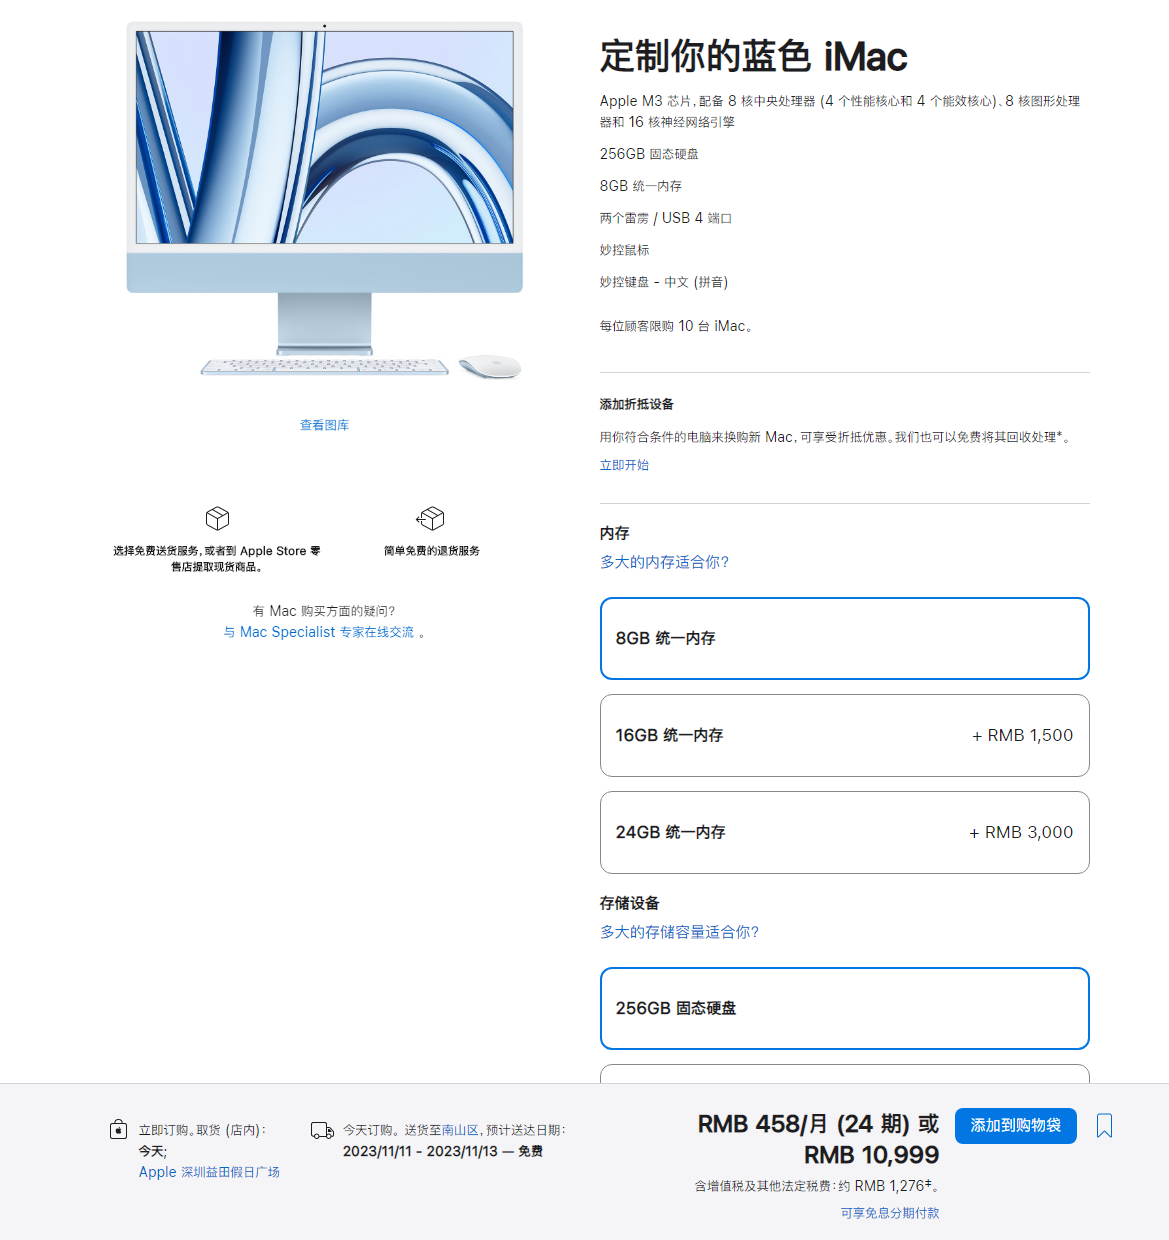 采用 M3 芯片的 MacBook Pro 和 iMac 今日正式发售
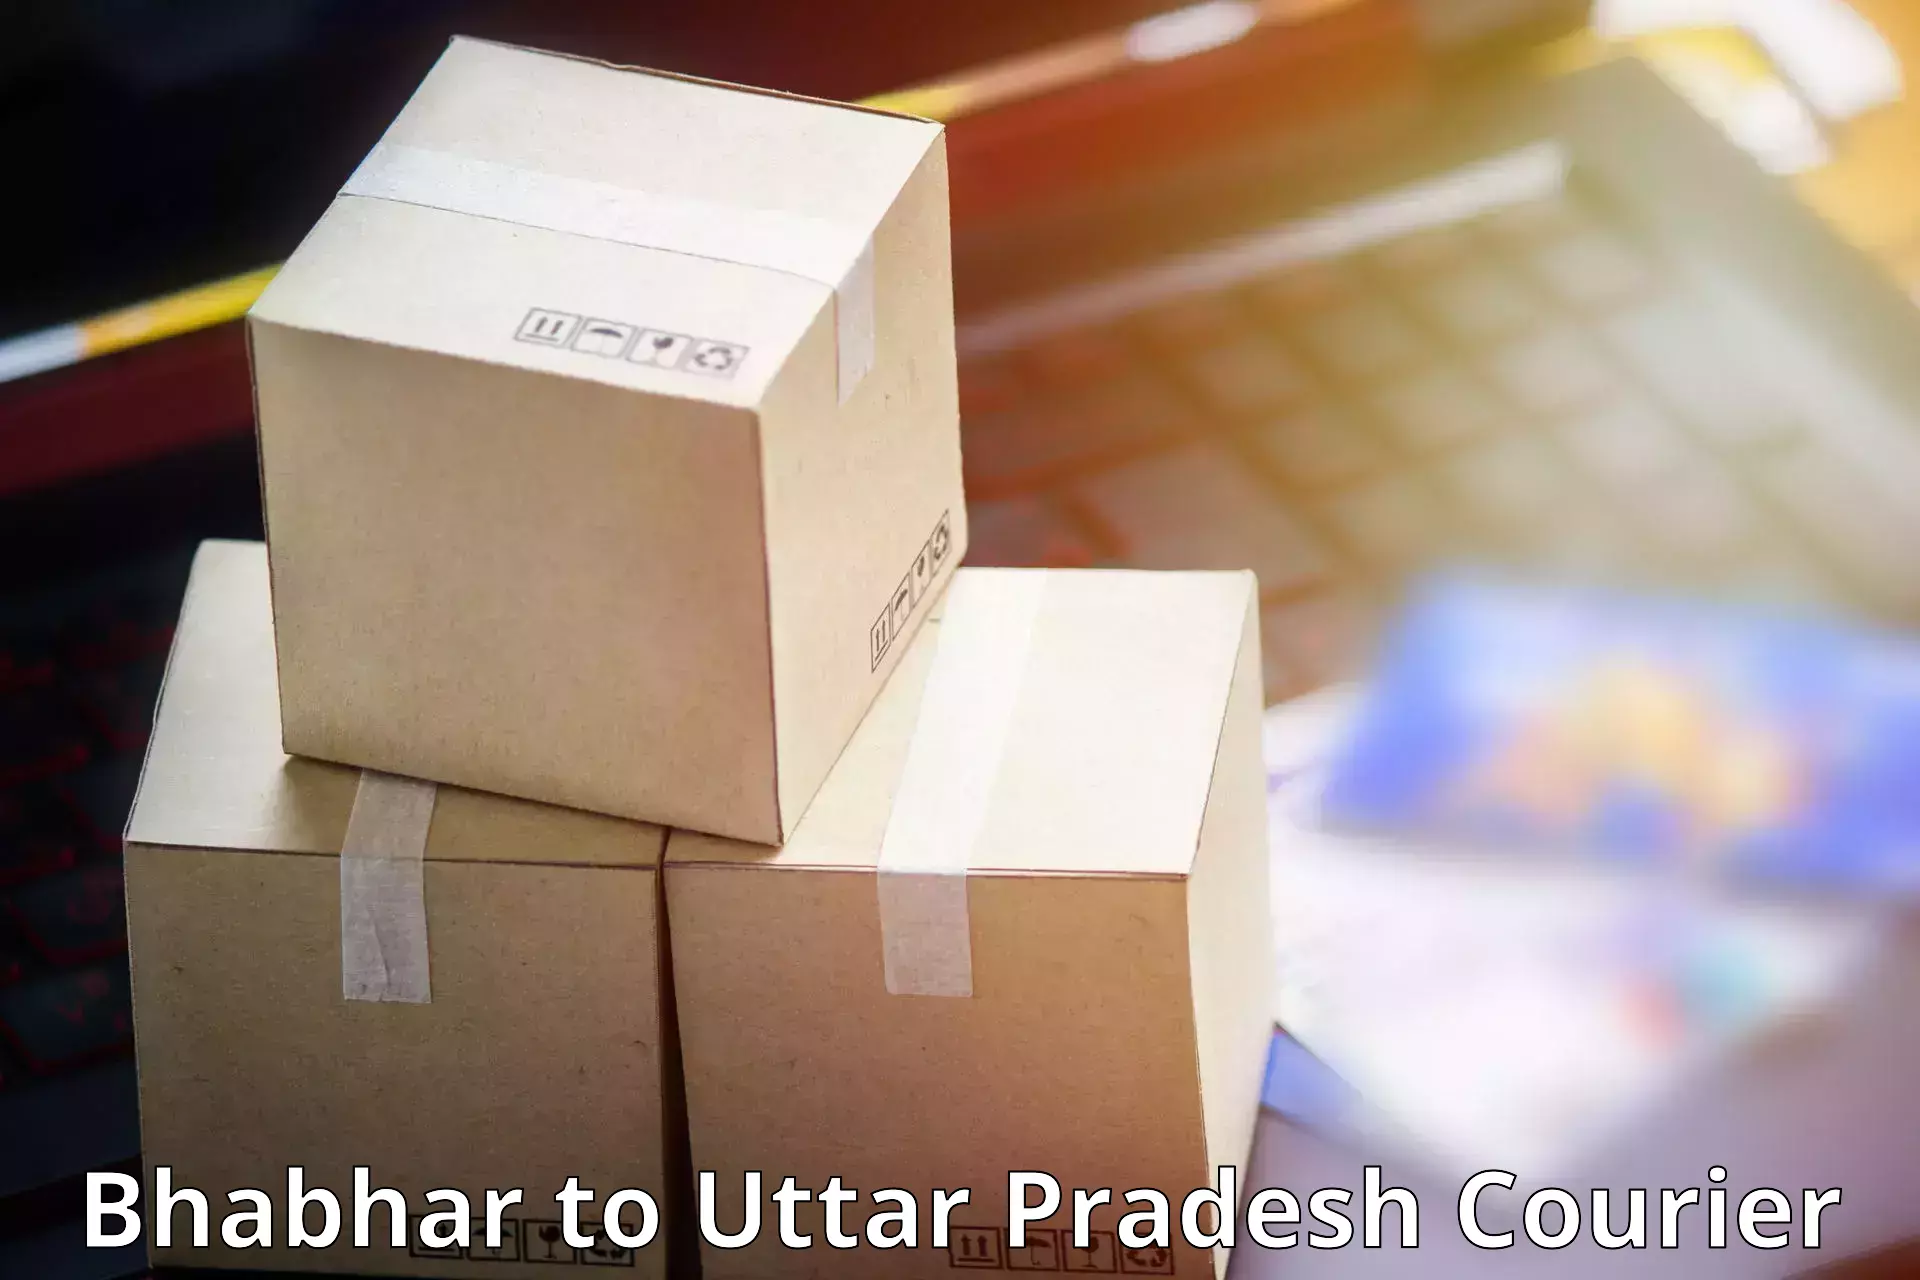 Flexible parcel services Bhabhar to Sikandra Rao
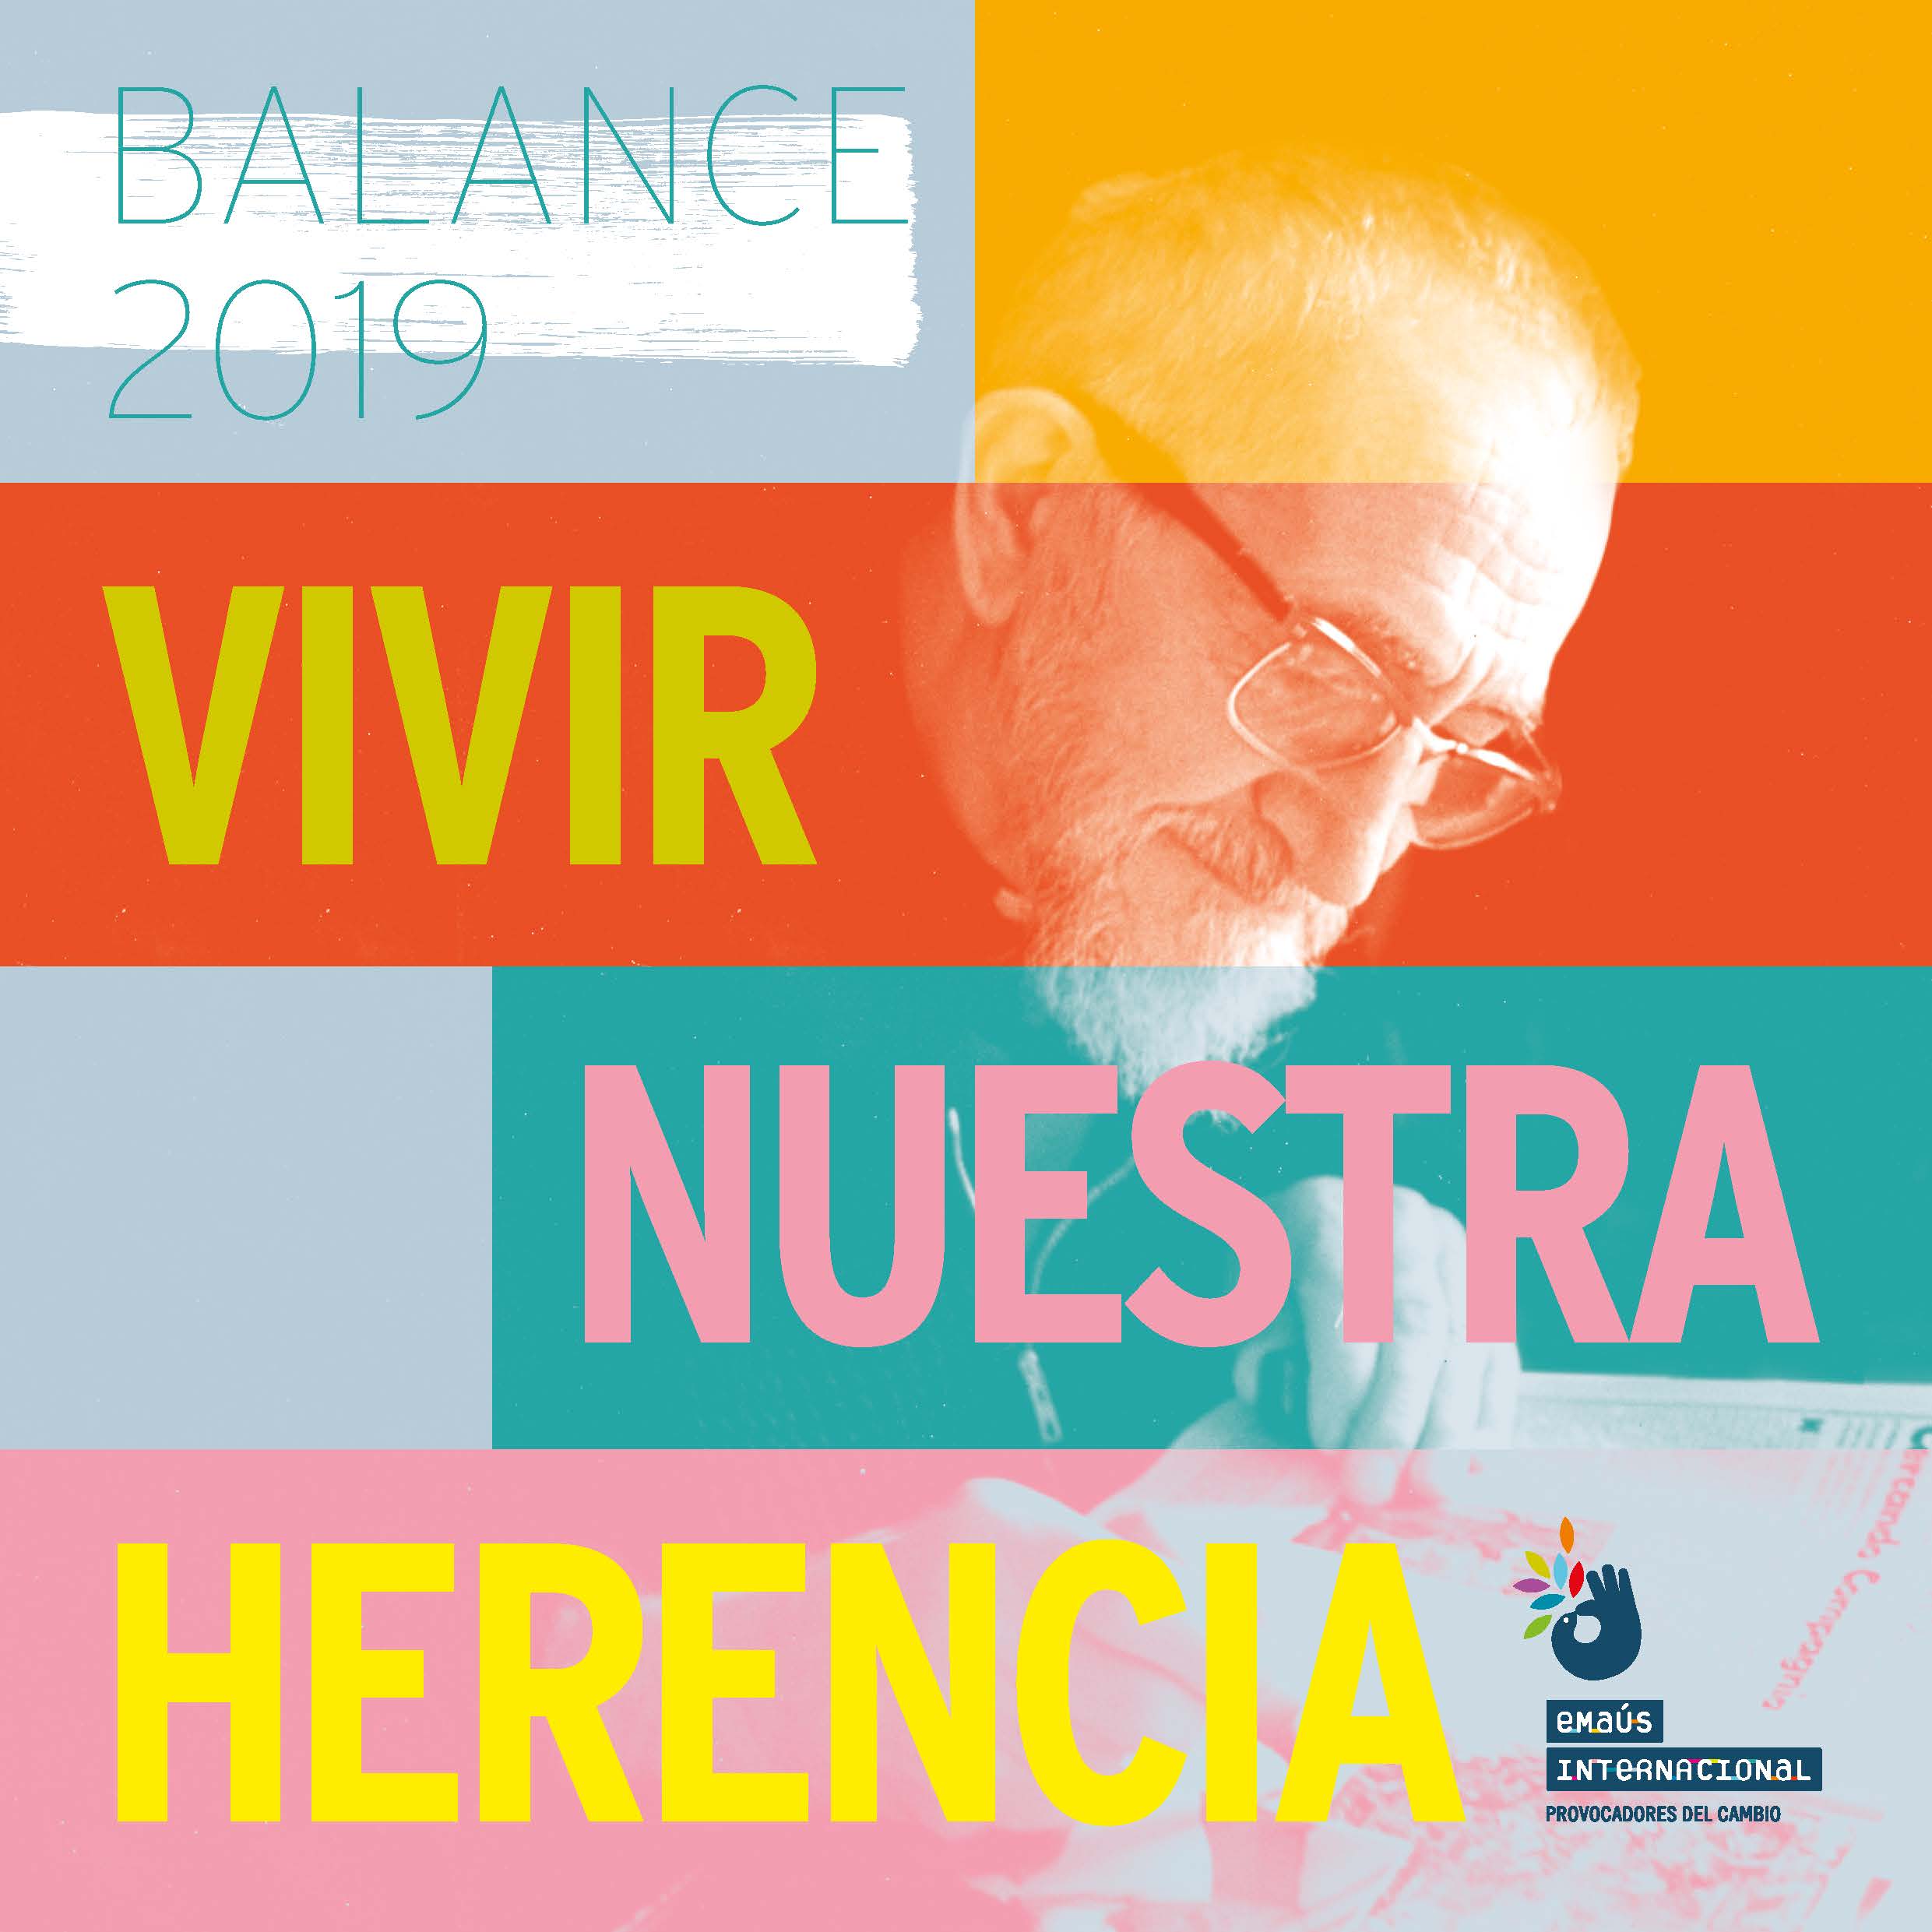 Balance 2019 «Vivir nuestra herencia» - El trabajo sobre la memoria de Emaús Internacional

■ Activity: Each line of the data should be quoted exactly, with pictures left out.

■ Answer section:
 采用 M3 芯片的 MacBook Pro 和 iMac 今日正式发售
 Flexible parcel services Bhabhar to Sikandra Rao
 Balance 2019 «Vivir nuestra herencia» - El trabajo sobre la memoria de Emaús Internacional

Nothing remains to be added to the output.